Is their one bandsaw which will do the trick better than others?

DRAT


----------



## Dan Masshardt (Jun 18, 2013)

Jet is a very good bandsaw.  There is no reason it shouldn't cut straight with a good blade and the right adjustments.

I doubt that there is a single person here who will tell you you need a better or different saw.


----------



## HamTurns (Jun 18, 2013)

I think your saw is fine and like Dan said just needs a tune up and a new blade.

I was cutting a two foot chunk of dried Hickory last night and the "old" blade would only cut straight down the line by running the board at an angle. But I knew that the blade was getting dull and near it's end of life and sure enough it broke about half way though the cut.

So I put a new blade on and now it cuts straight as an arrow with no adjustments to the saw. Just what I expected.

Tune it up, put a good blade on it and you'll be golden.

Happy turning.
Tom


----------



## gbpens (Jun 18, 2013)

I agree with Dan. I use a 14" JET for cutting my segments as well as a chop saw. Sharp blades, proper blade tension and a slow feed rate will give you straight cuts. After you get the perpendicular cuts you need build a few jigs to get the angle cuts consistent.


----------



## KenV (Jun 18, 2013)

Anthony -- the serious precision segmented turners are not using band saws for more than breaking down wood.   They use table saws with jigs and miter saws with jigs.  Many use large disc sanders to refine angles and assure a more precise surface and angle.

With a wide, sharp band saw blade you can do a reasonable job on some segmented turning, but as the number of pieces increases and the precision needed increases, the bandsaw will become increasingly limiting.  

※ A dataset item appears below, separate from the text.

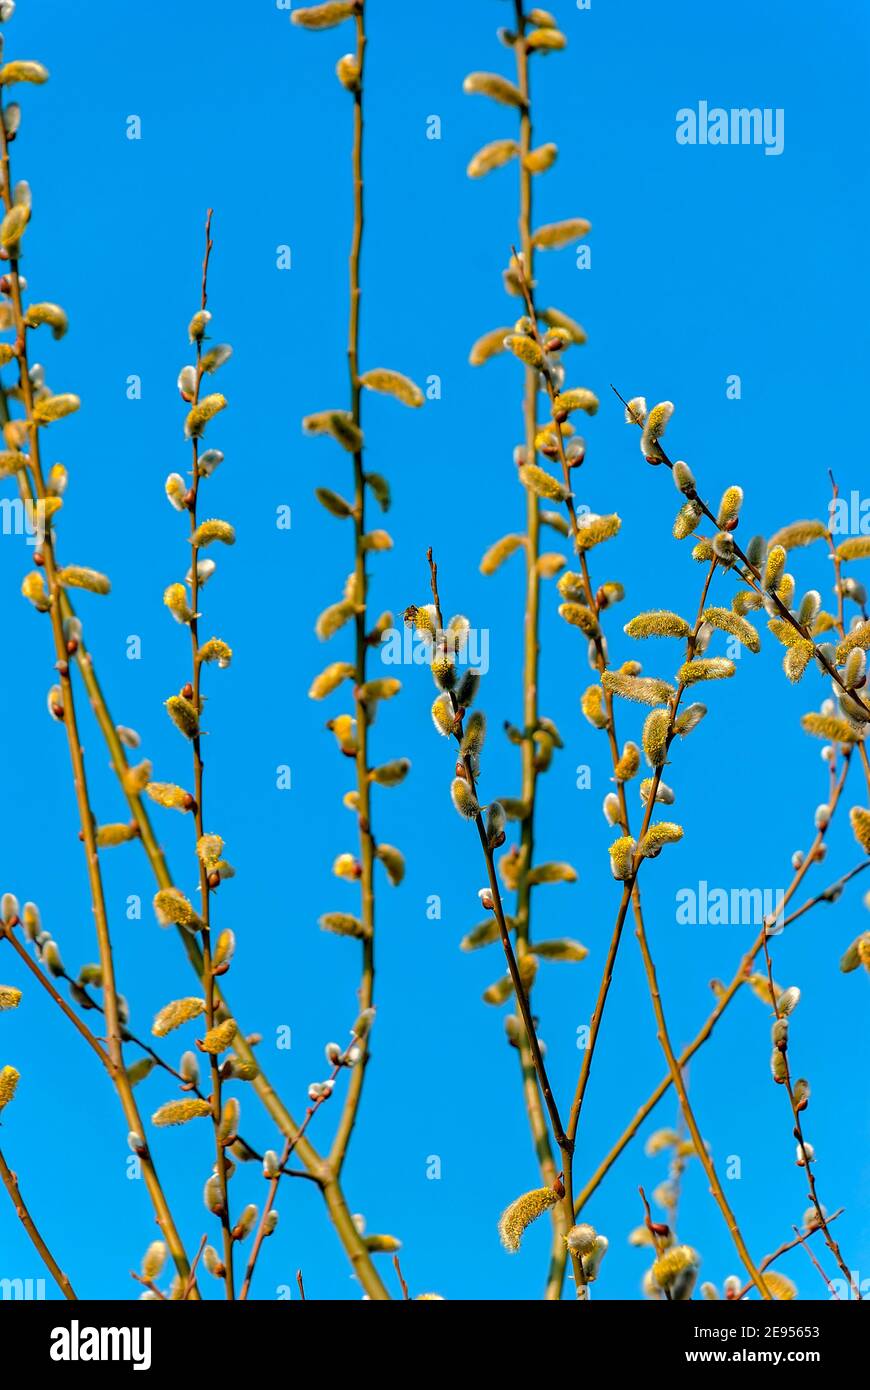 Cartolina pasquale – ramoscelli di un salice in fiore contro il cielo azzurro e limpido. Un'ape è visibile. Pianta di Meliferous. Foto Stock

Try a 1/2 inch or wider blade and get a good blade -- The best premium blades for the buck I have found is from Ellis, but there are many premium blade brands available.


----------



## Russianwolf (Jun 18, 2013)

Bandsaws are for cutting curves and resawing larger pieces of wood.

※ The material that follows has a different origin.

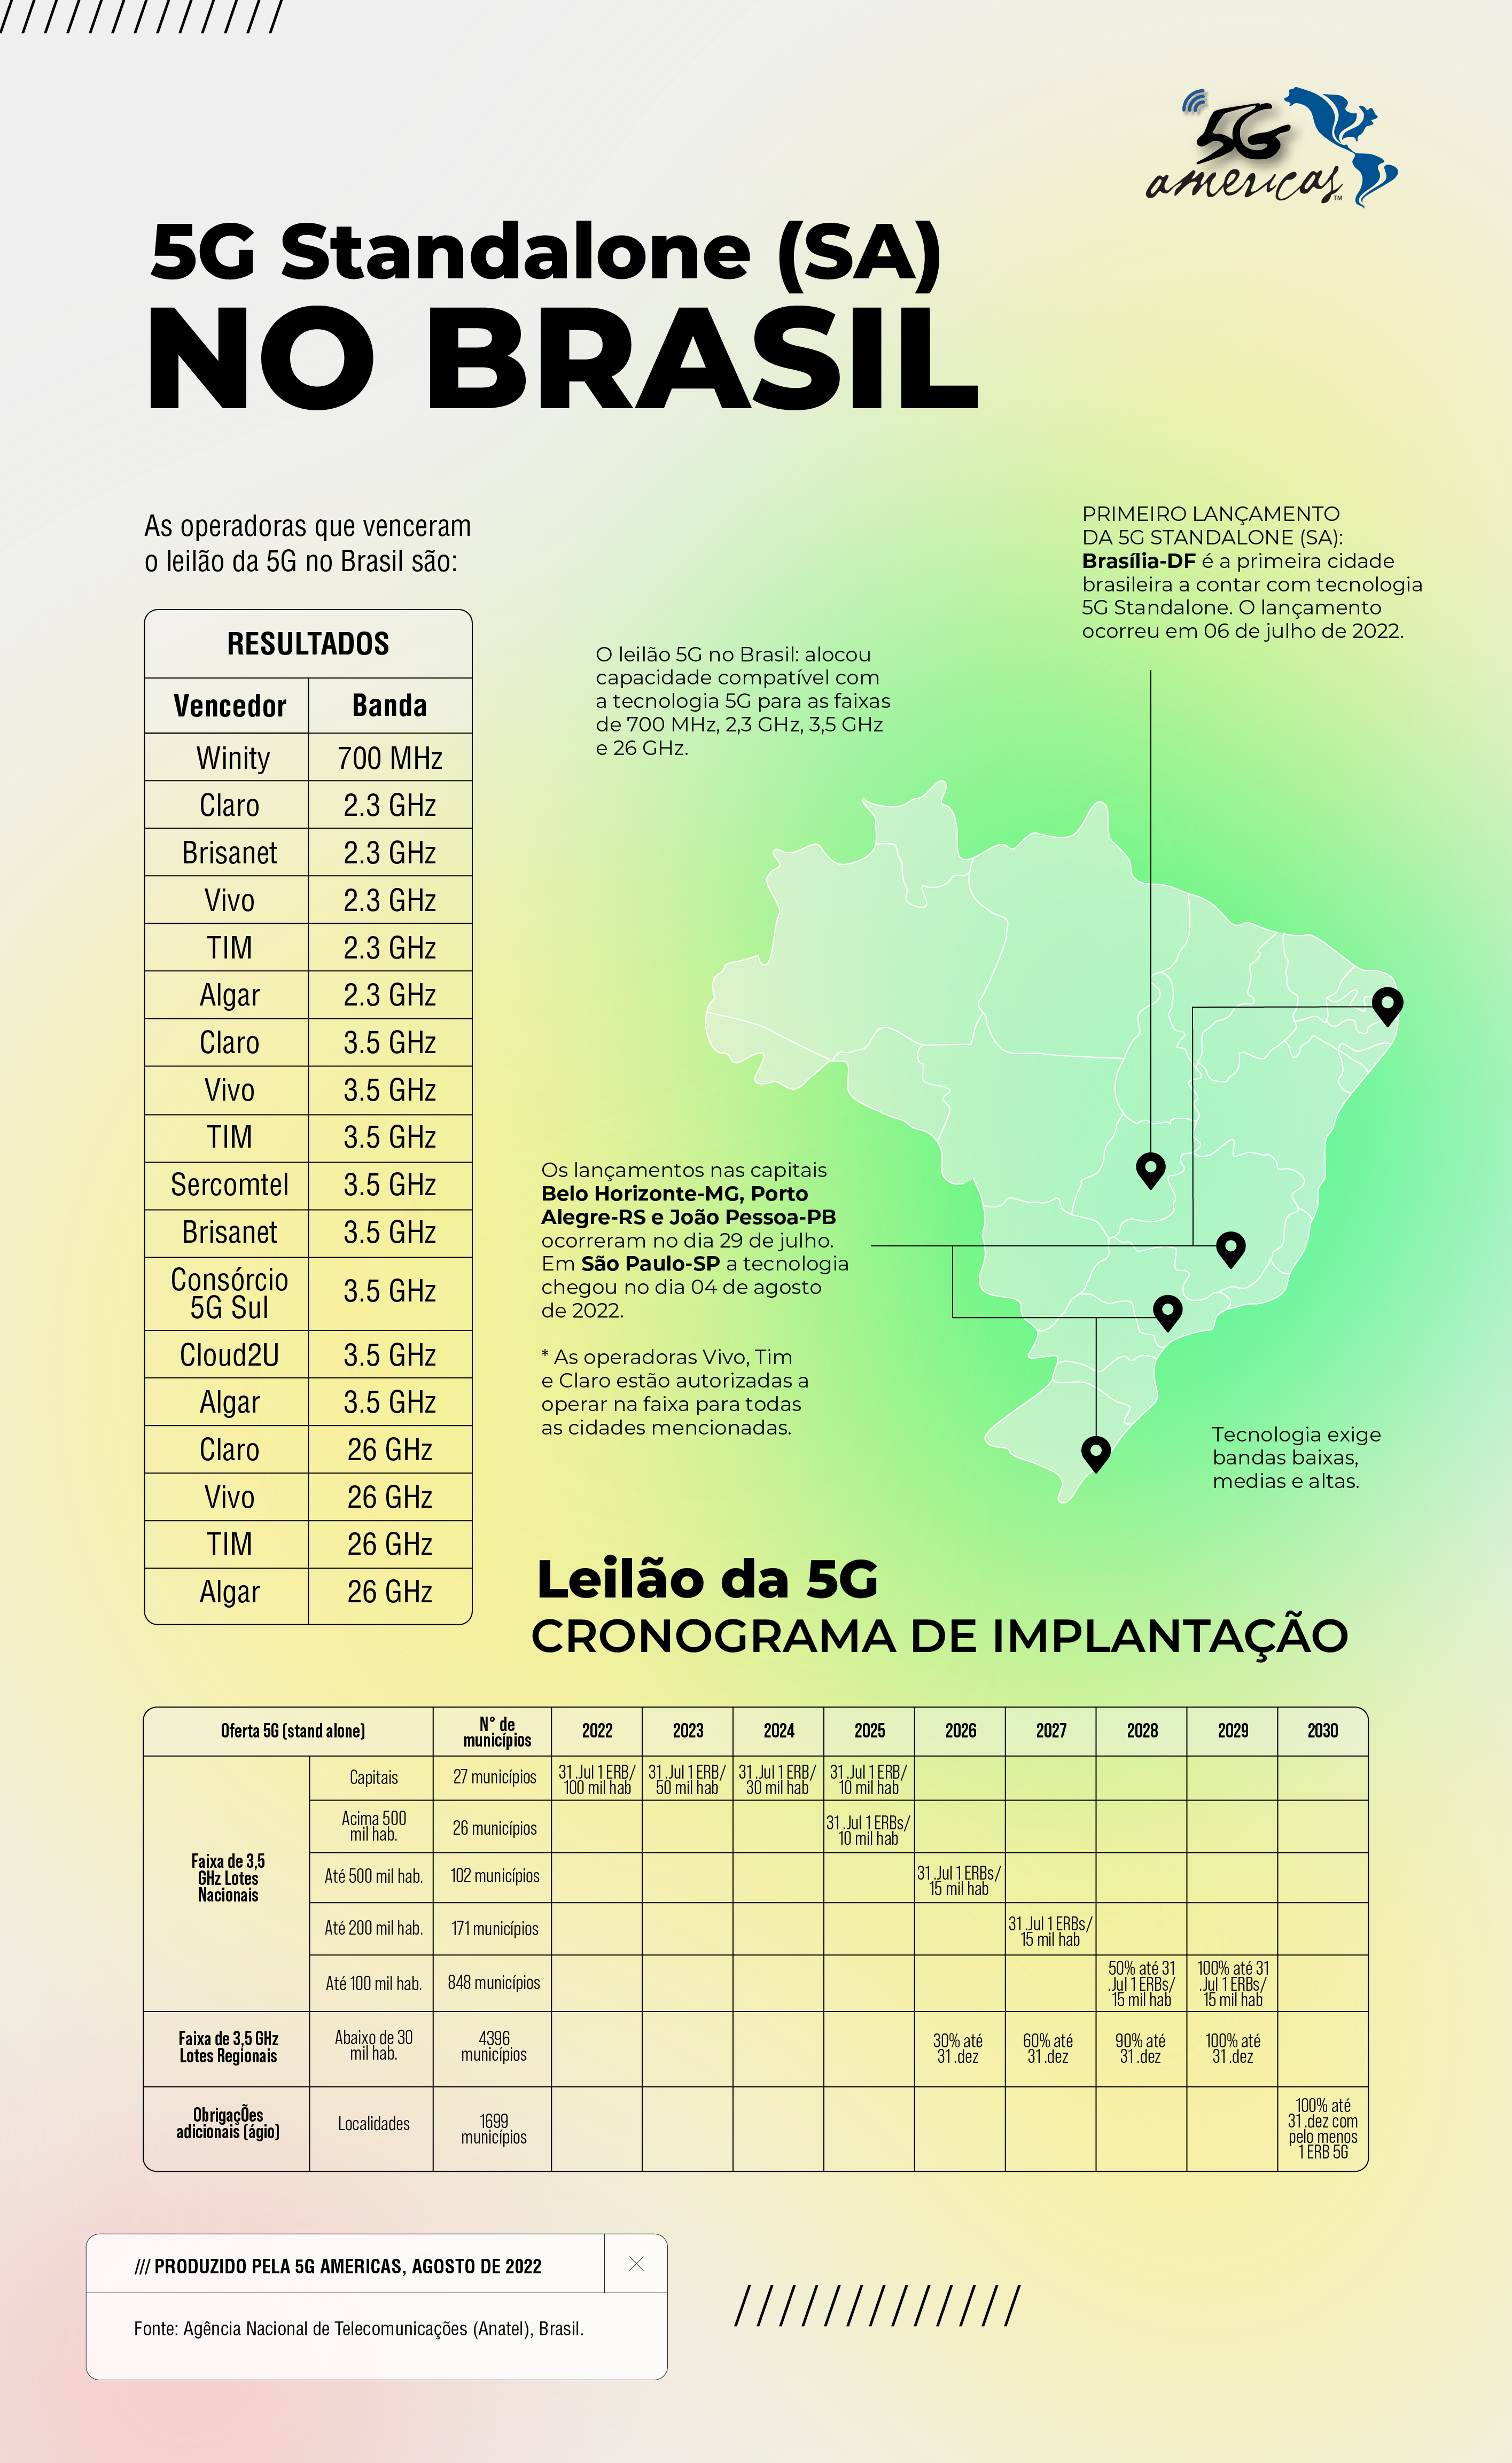 0da60962 ad0f 4a73 8ea1 807ce54cbfec - Infográfico 5G no Brasil

Tablesaws are for cutting straight lines.


----------



## Dan Masshardt (Jun 18, 2013)

I just want to throw this out there even though I'm sure we all know this.  

In addition to good sharp blade, proper tension and properly adjusted guides, you need to make sure that the upper guides are lowered to be just a hair above whatever's being cut.


----------



## Sawdust46 (Jun 18, 2013)

I don't mean to pile on but your bandsaw is probably fine.  There are several tune up videos out there that can help you get your saw setup to cut a straight line.  I know it takes some time to learn but it is well worth it and your bandsaw will become a more valued tool for you.  I speak from experience.


----------



## wizical (Jun 18, 2013)

get a table saw if you can afford it, It will get you a straight cut every time with very little hassle!


----------



## Scruffy (Jun 18, 2013)

*While I like my band saw, ...*

I have  a Freud LU88R008 Thin Kerf blade on my table saw that I use for doing straight line segmenting work. The cuts are clean and glue ready


----------



## hobbyist2013 (Jun 18, 2013)

Wider band saw blades are used for straight cutting .


----------



## jttheclockman (Jun 18, 2013)

KenV said:


> Anthony -- the serious precision segmented turners are not using band saws for more than breaking down wood. They use table saws with jigs and miter saws with jigs. Many use large disc sanders to refine angles and assure a more precise surface and angle.
> 
> With a wide, sharp band saw blade you can do a reasonable job on some segmented turning, but as the number of pieces increases and the precision needed increases, the bandsaw will become increasingly limiting.
> 
> Try a 1/2 inch or wider blade and get a good blade -- The best premium blades for the buck I have found is from Ellis, but there are many premium blade brands available.


 
Here is a very sensible answer and I happen to agree 100%


----------



## mikespenturningz (Jun 18, 2013)

Well maybe I am not a serious segmenter but I get decent results on my band saw. If you have a jet 14" band saw you already have a great start. Now get a good 1/2" 6tpi blade, make a sliding table for it and you are pretty well set to do some really nice work. Look on youtube and find yourself several good tutorials on how to get your Jet cutting the best it can. I use a 14" jet wood/metal band saw for every bit of my segmenting. I use a Carter blade and it works great.


----------



## Dale Lynch (Jun 18, 2013)

Use a bandsaw or vintage backsaw and mitrebox for thin segments.Use a tablesaw or power mitresawfor fat segments.


----------



## jyreene (Jun 18, 2013)

Spanx said:


> Use a bandsaw or vintage backsaw and mitrebox for thin segments.Use a tablesaw or power mitresawfor fat segments.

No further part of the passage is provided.